• _TASK INPUT_

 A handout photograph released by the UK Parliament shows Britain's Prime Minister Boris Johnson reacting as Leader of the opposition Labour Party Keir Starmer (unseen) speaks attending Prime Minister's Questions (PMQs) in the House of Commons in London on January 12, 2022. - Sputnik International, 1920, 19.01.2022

--

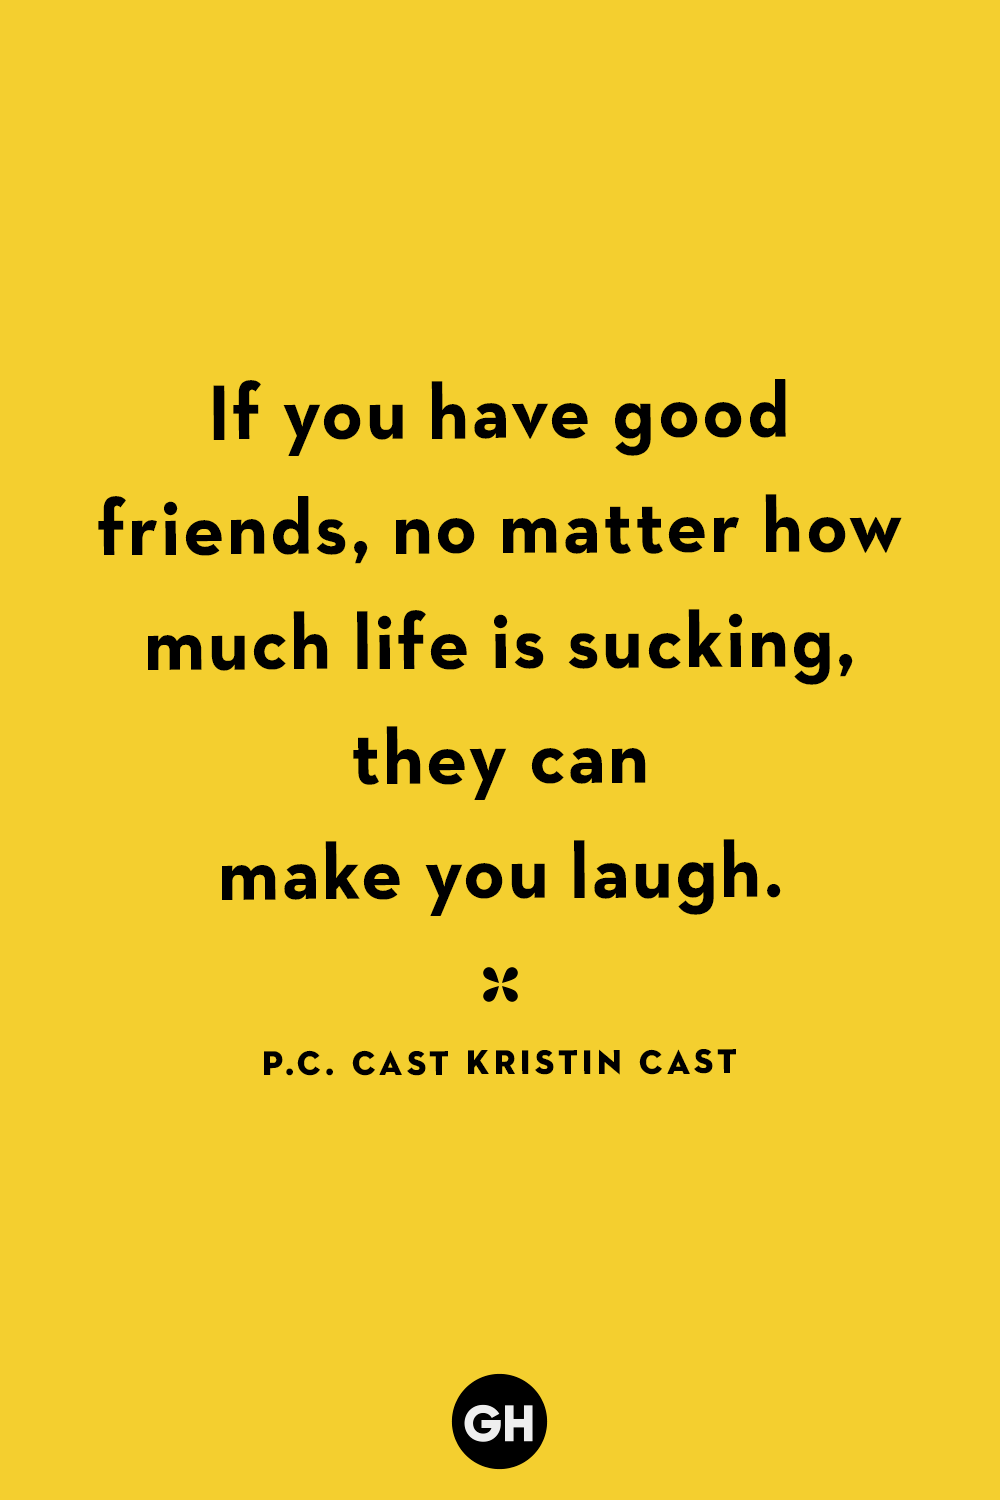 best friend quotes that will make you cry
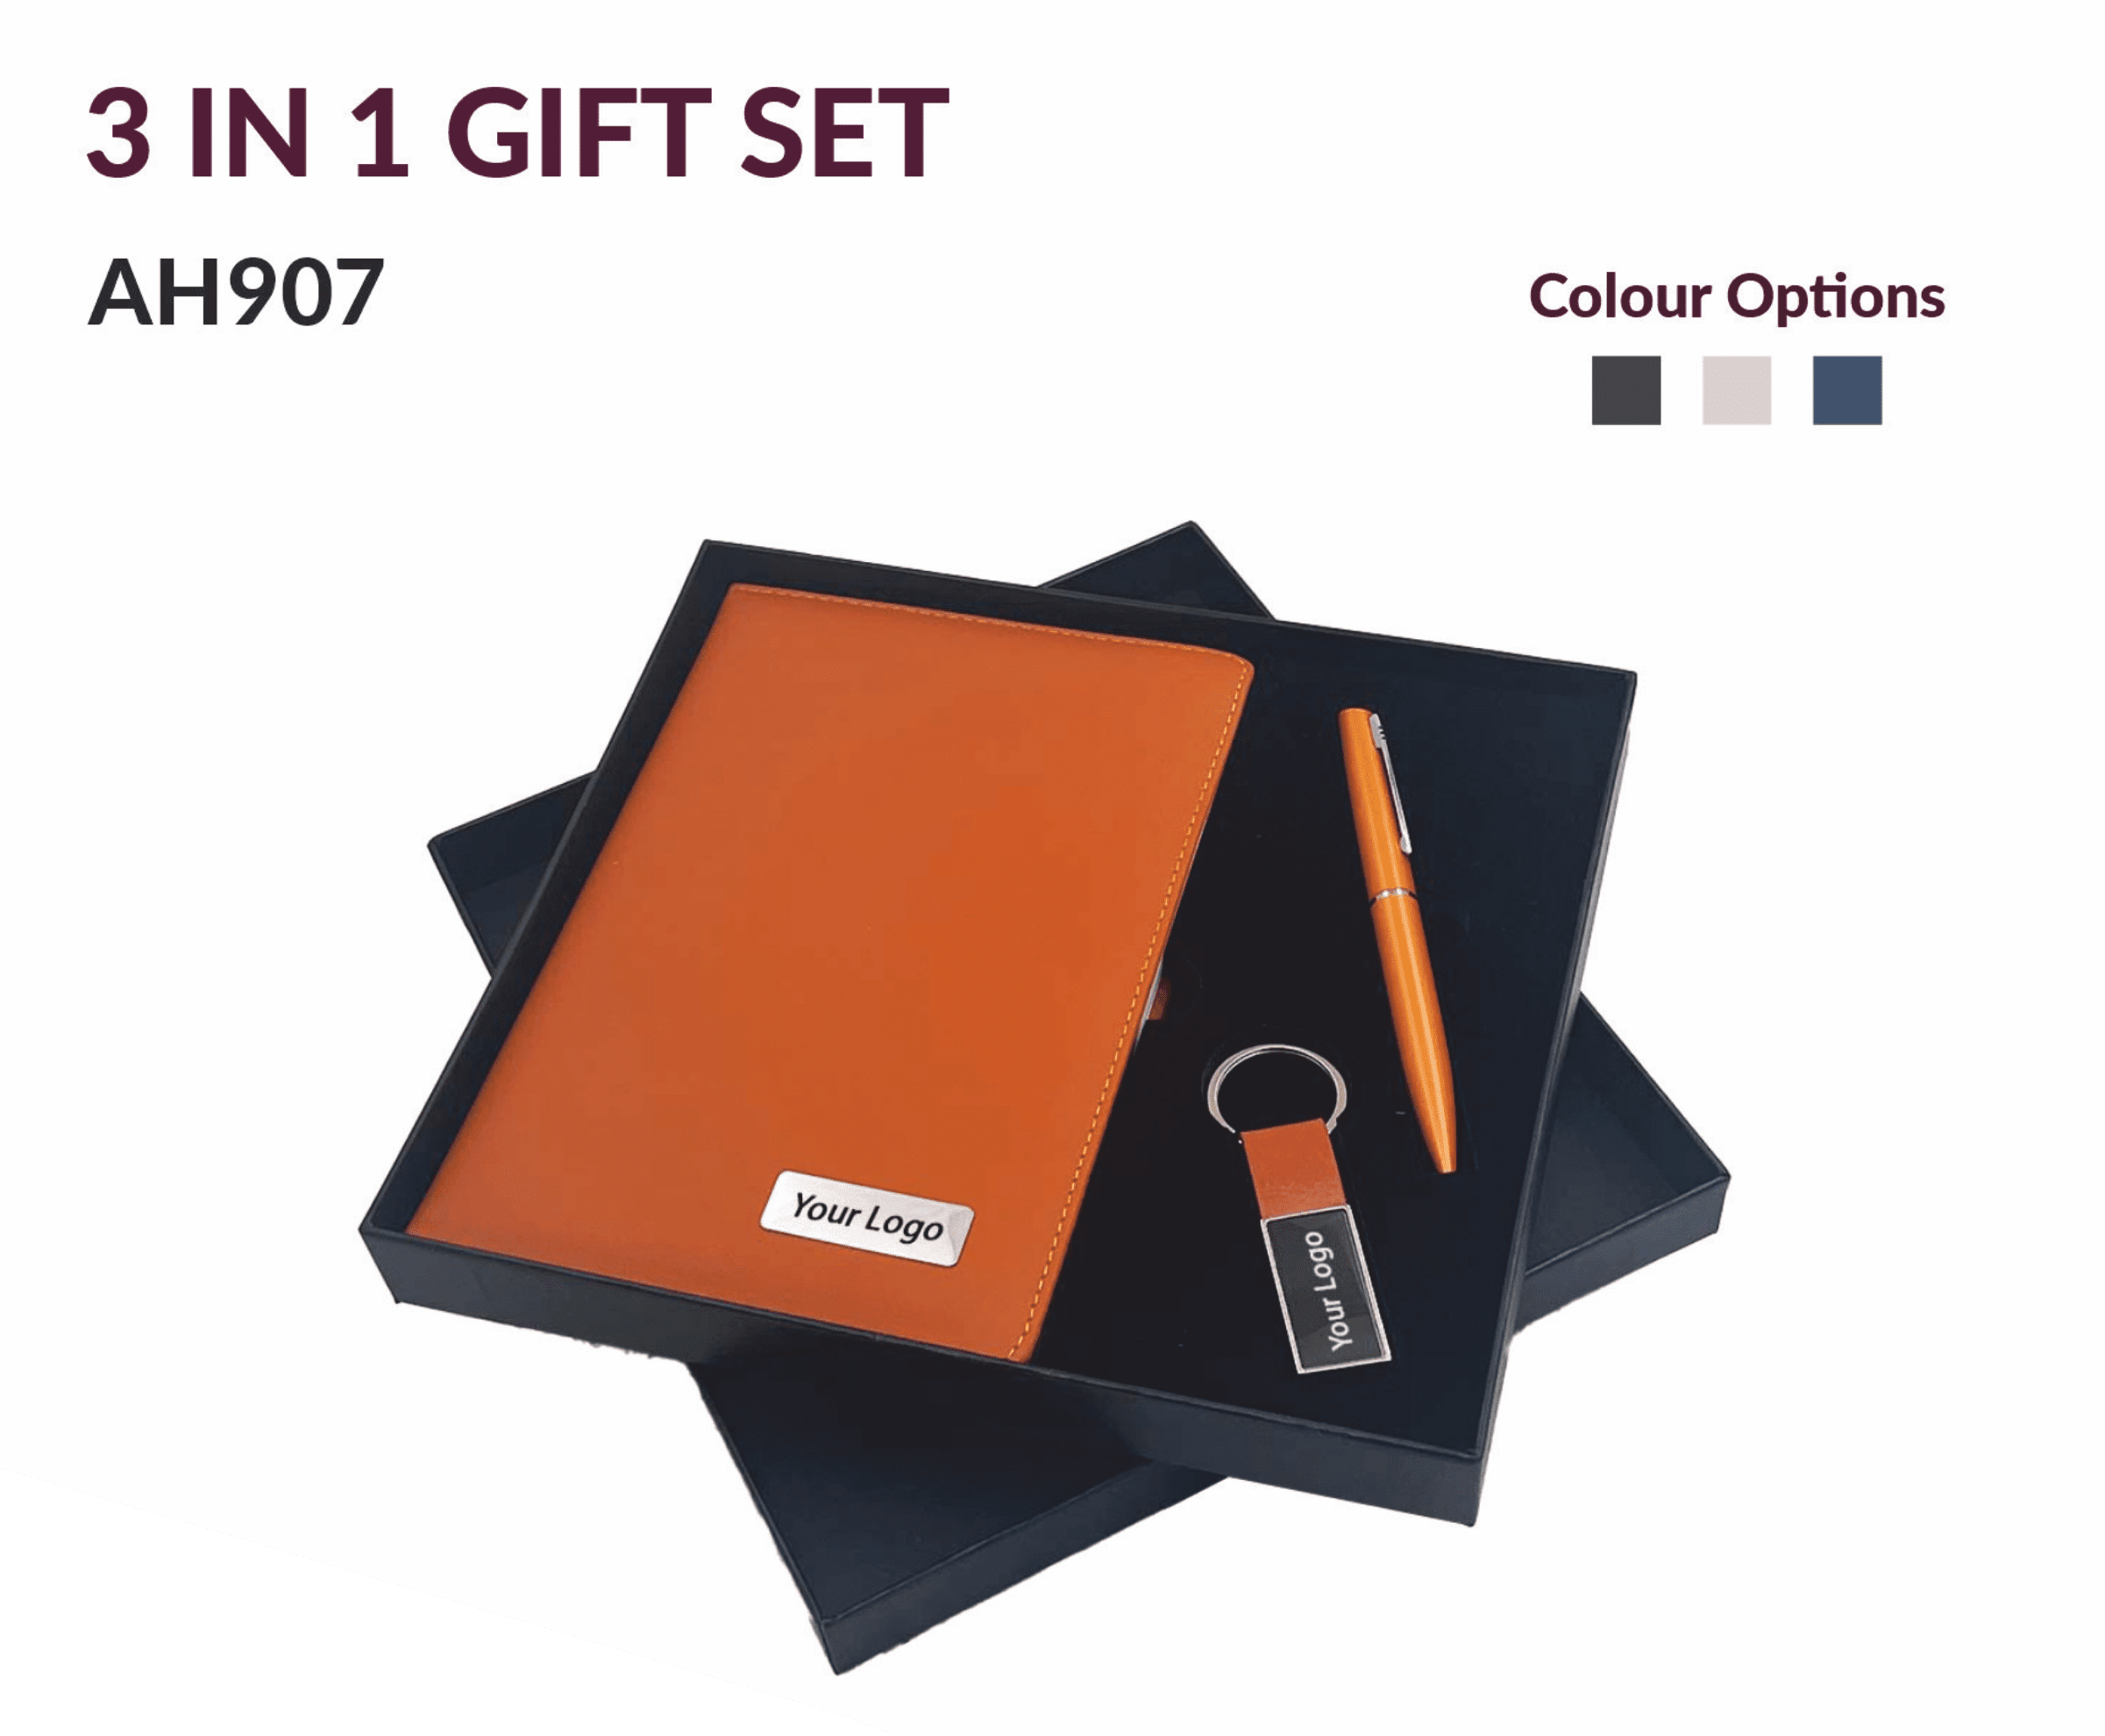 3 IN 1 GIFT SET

* * *

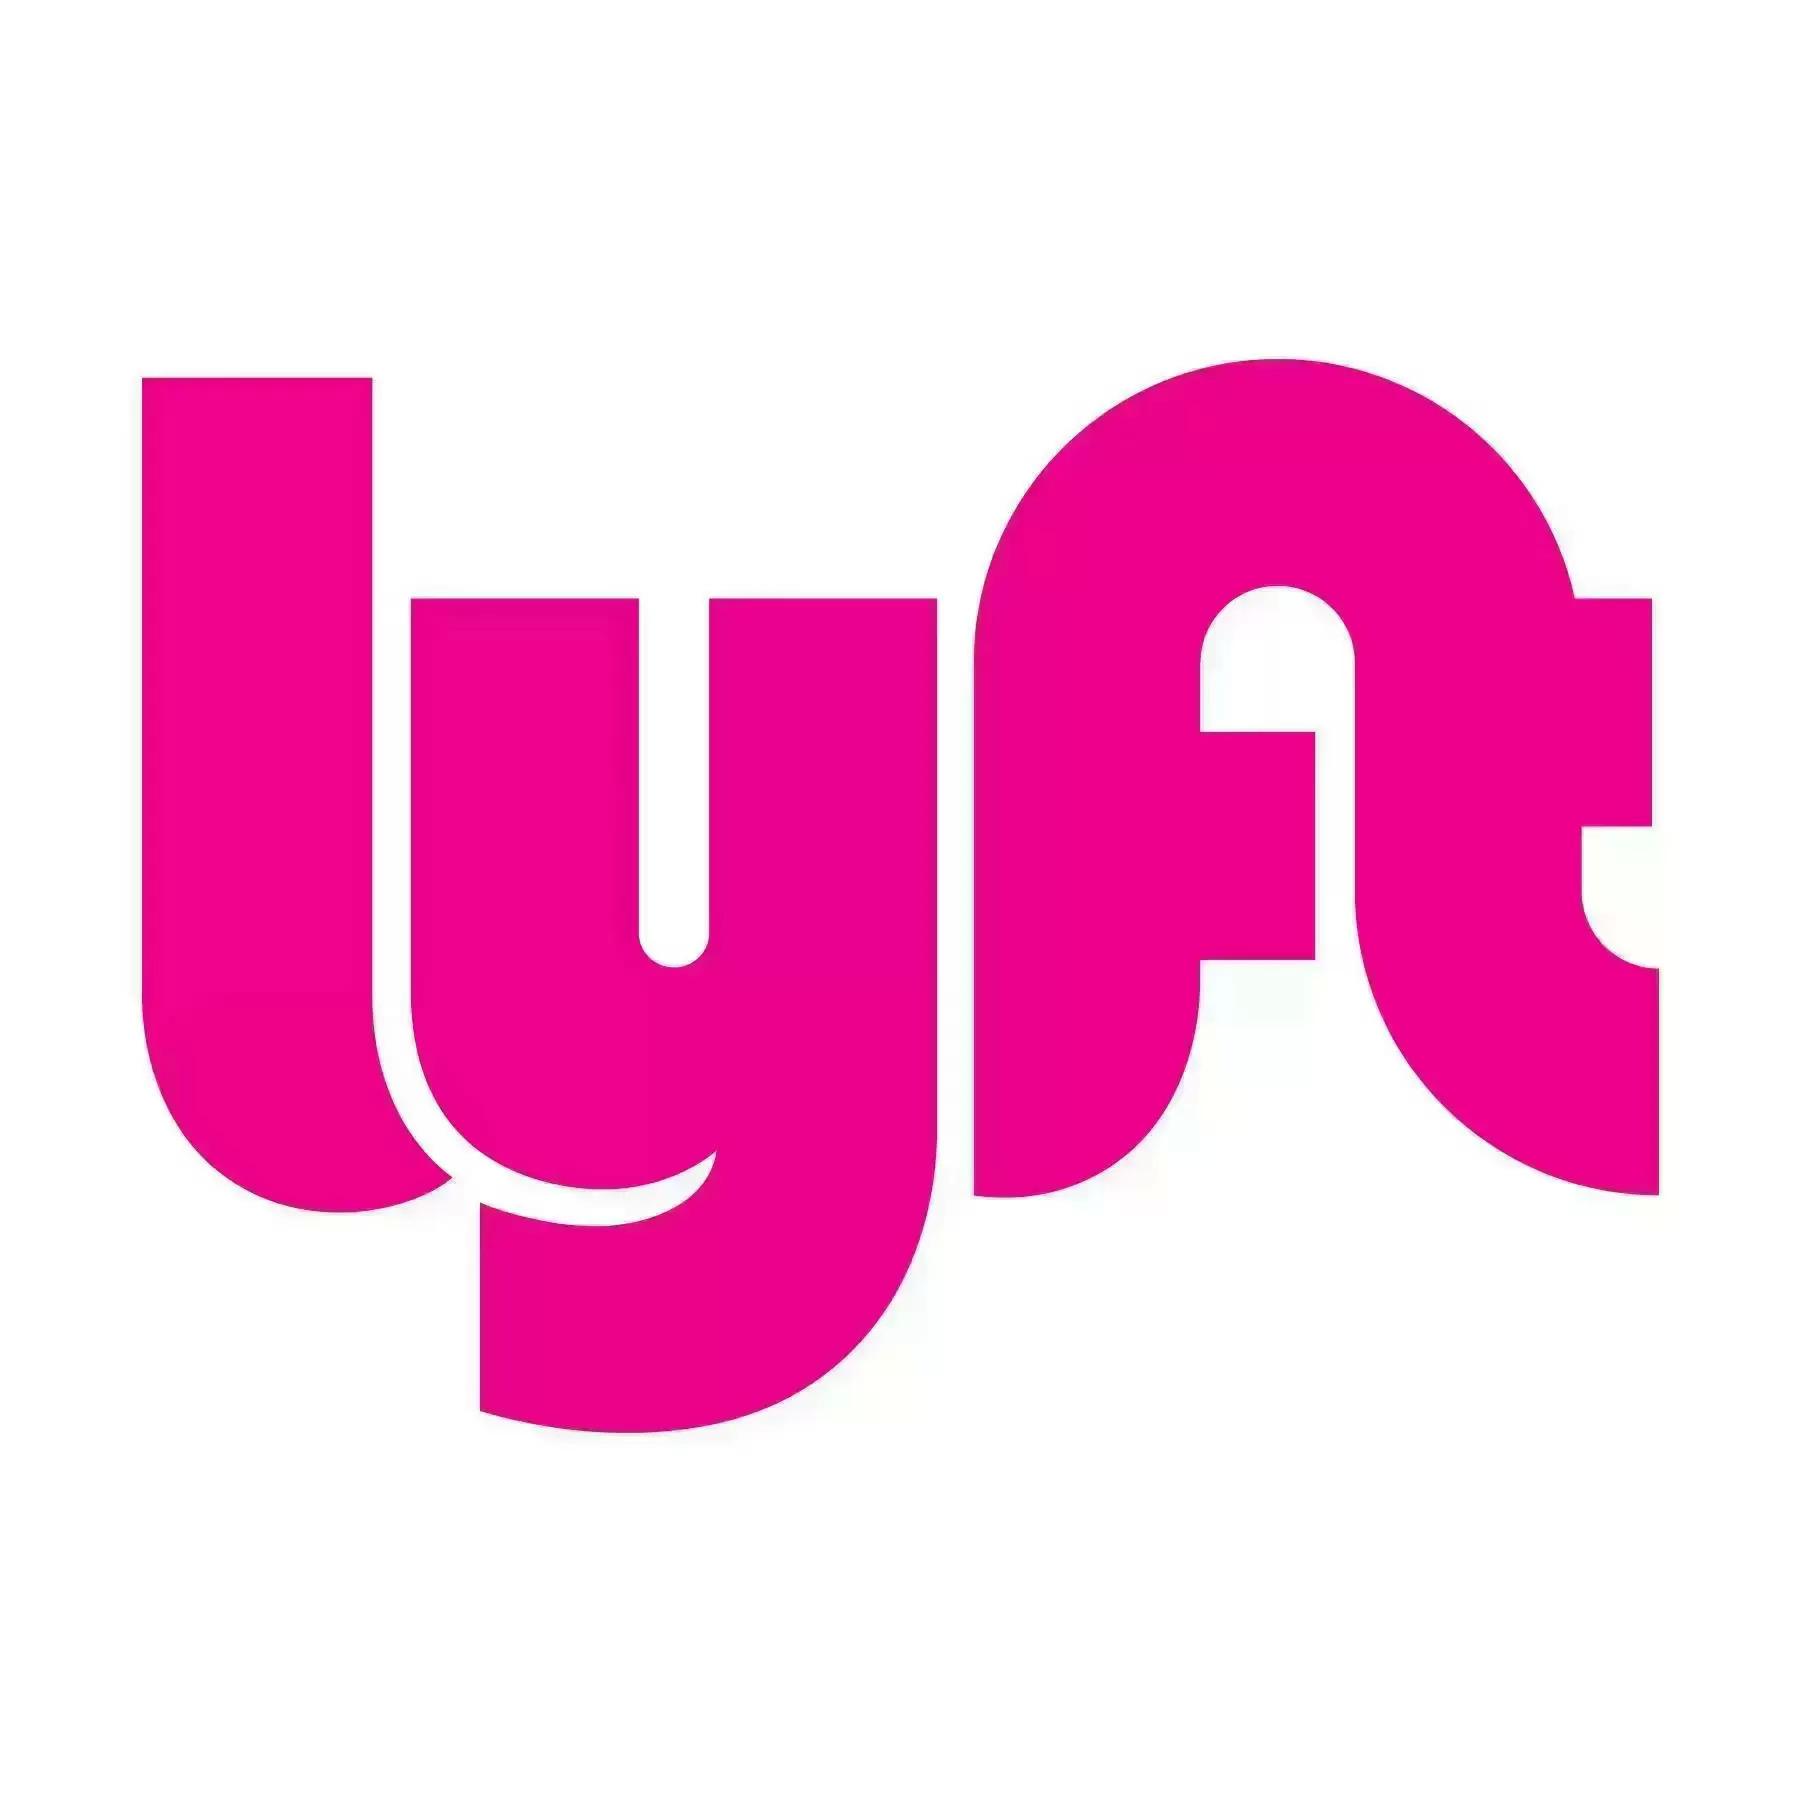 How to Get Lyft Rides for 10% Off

• _TASK DETAILS_
Pictures aside, print exactly the lines above starting with the one containing "best friend quotes that will make you cry" and going on through the one containing "3 IN 1 GIFT SET".

• _PROBLEM SOLUTION_
 best friend quotes that will make you cry
 3 IN 1 GIFT SET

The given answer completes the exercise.